The taking of wild animals, or the possession or transportation of such animals or of any part thereof, is made unlawful except during specified brief periods. The legislature recognized that furs and hides ought to be excepted from these limitations of the time during which wild animals or parts thereof could be transported or had in possession, and provided that furs and hides might be bought, shipped and had in possession at any time, upon proof that they had been lawfully taken. To aid in preventing evasions of the law and in enforcing it effectually, shipments by common carrier inclosed in boxes, sacks or other coverings are forbidden, unless a statement showing the contents of each package is attached to the outside thereof. This merely regulates the manner in which shipment may be made. We see no inconsistency, at least none of substance, between section 5507 and section 5547, and no reason why they may not operate in harmony and both be given full effect in accomplishing the legislative purpose. We find nothing in the statute which will justify us in saying that the provisions of section 5507, requiring each package to disclose its contents by a statement attached to the outside thereof, do not apply to shipments of furs and hides. That the legislature intended that all the provisions of the statute should apply to fur-buyers, is shown by the fact that it authorizes the revocation of their licenses, "for any violation of the laws relating to wild animals."
It is conceded that the requirements of section 5507 were not complied with in making the shipments in question, and it follows that they were made in violation of law and, by the express terms of the act, were subject to seizure and confiscation.
Plaintiff seems to claim that the seizures were made solely because the packages contained muskrat skins, the taking of which in Minnesota was unlawful at that time. But the warden who made the seizures states that he made them because the packages did not show what they contained.

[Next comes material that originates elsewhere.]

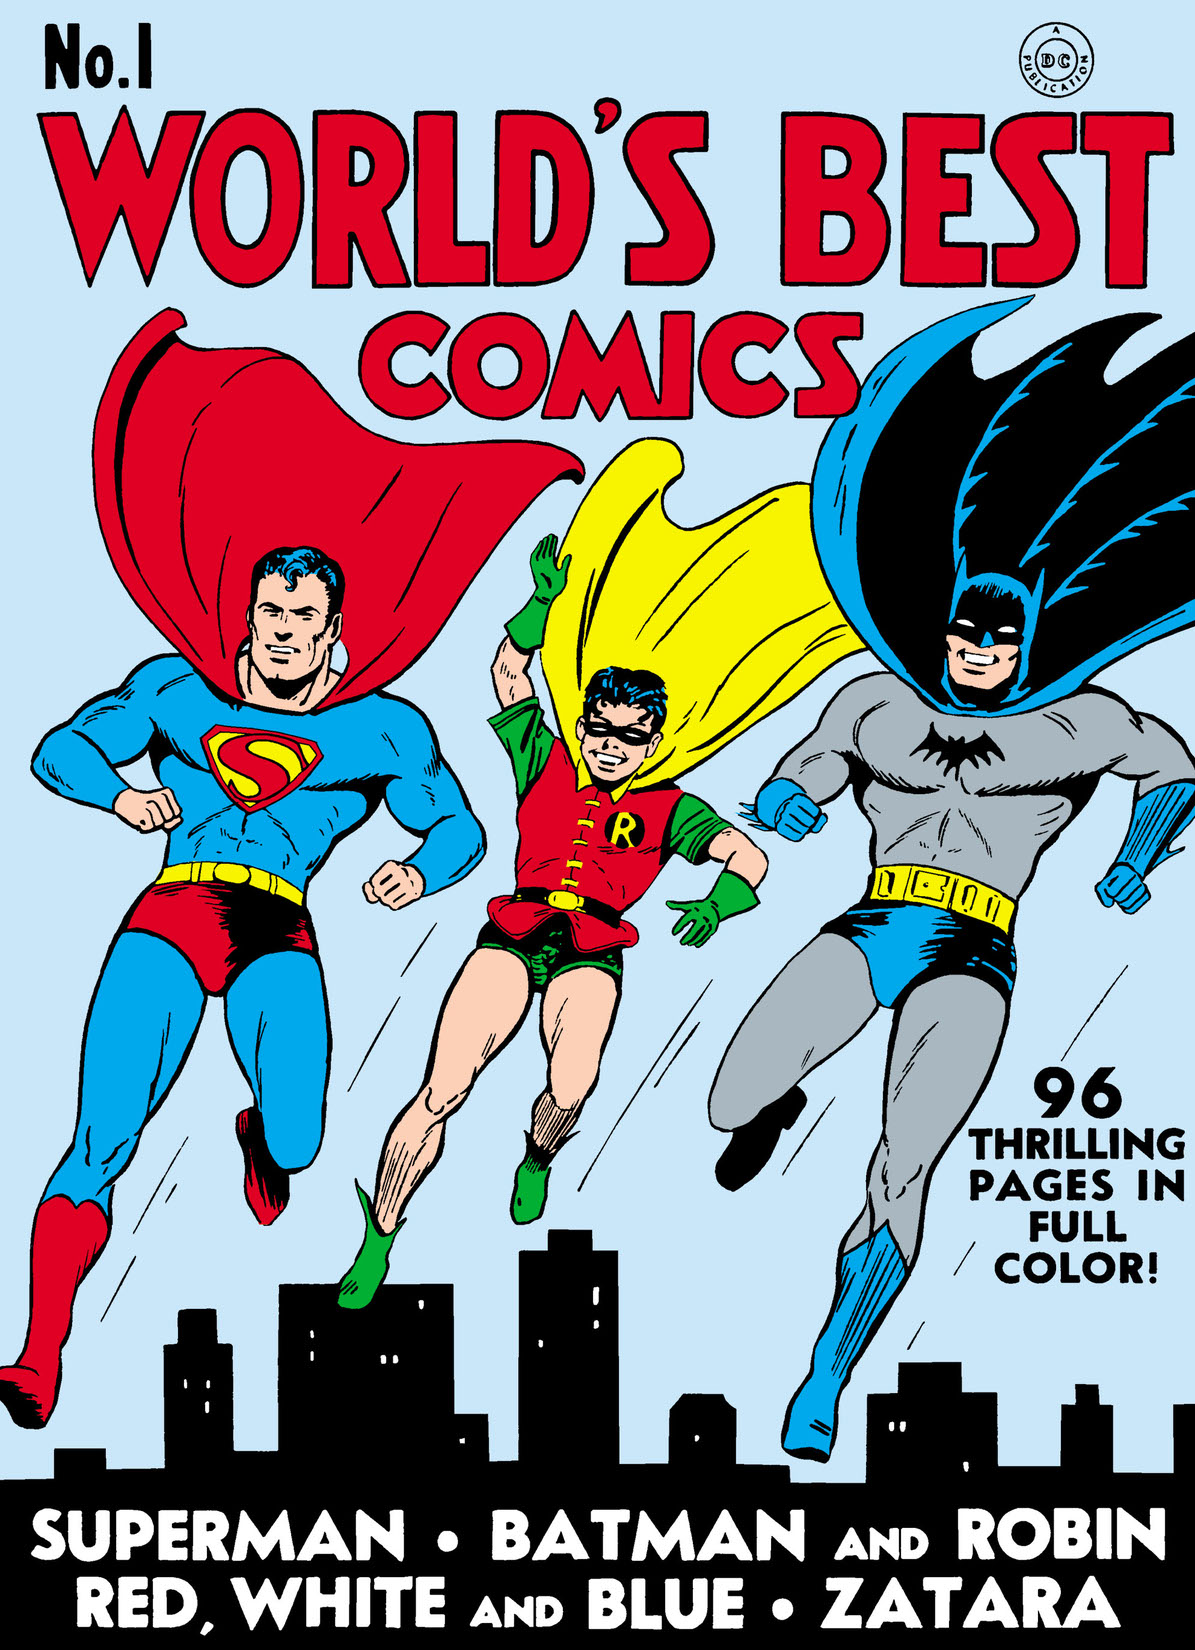 World's Best Comics (1941-) #1 preview images

The seizure having been lawful, the fact that defendant offered to release the shipments on proof that the muskrat skins had been lawfully taken outside the state, and on receiving such proof did release them, did not make the seizure illegal nor vest in plaintiff any property rights upon which he could predicate an action for damages growing out of the seizure or of the failure to return the furs or of the conditions with which he complied in order to have them returned.
The conclusion we have reached on this phase of the case renders a consideration of the other question raised unnecessary.
We cannot pass unnoticed the unseemly and unwarranted attack upon the character and conduct of defendant contained in the concluding sixth paragraph of plaintiff's brief and the portion of the brief containing that paragraph will be stricken from the files as scandalous.
The order appealed from is reversed and judgment directed for defendant.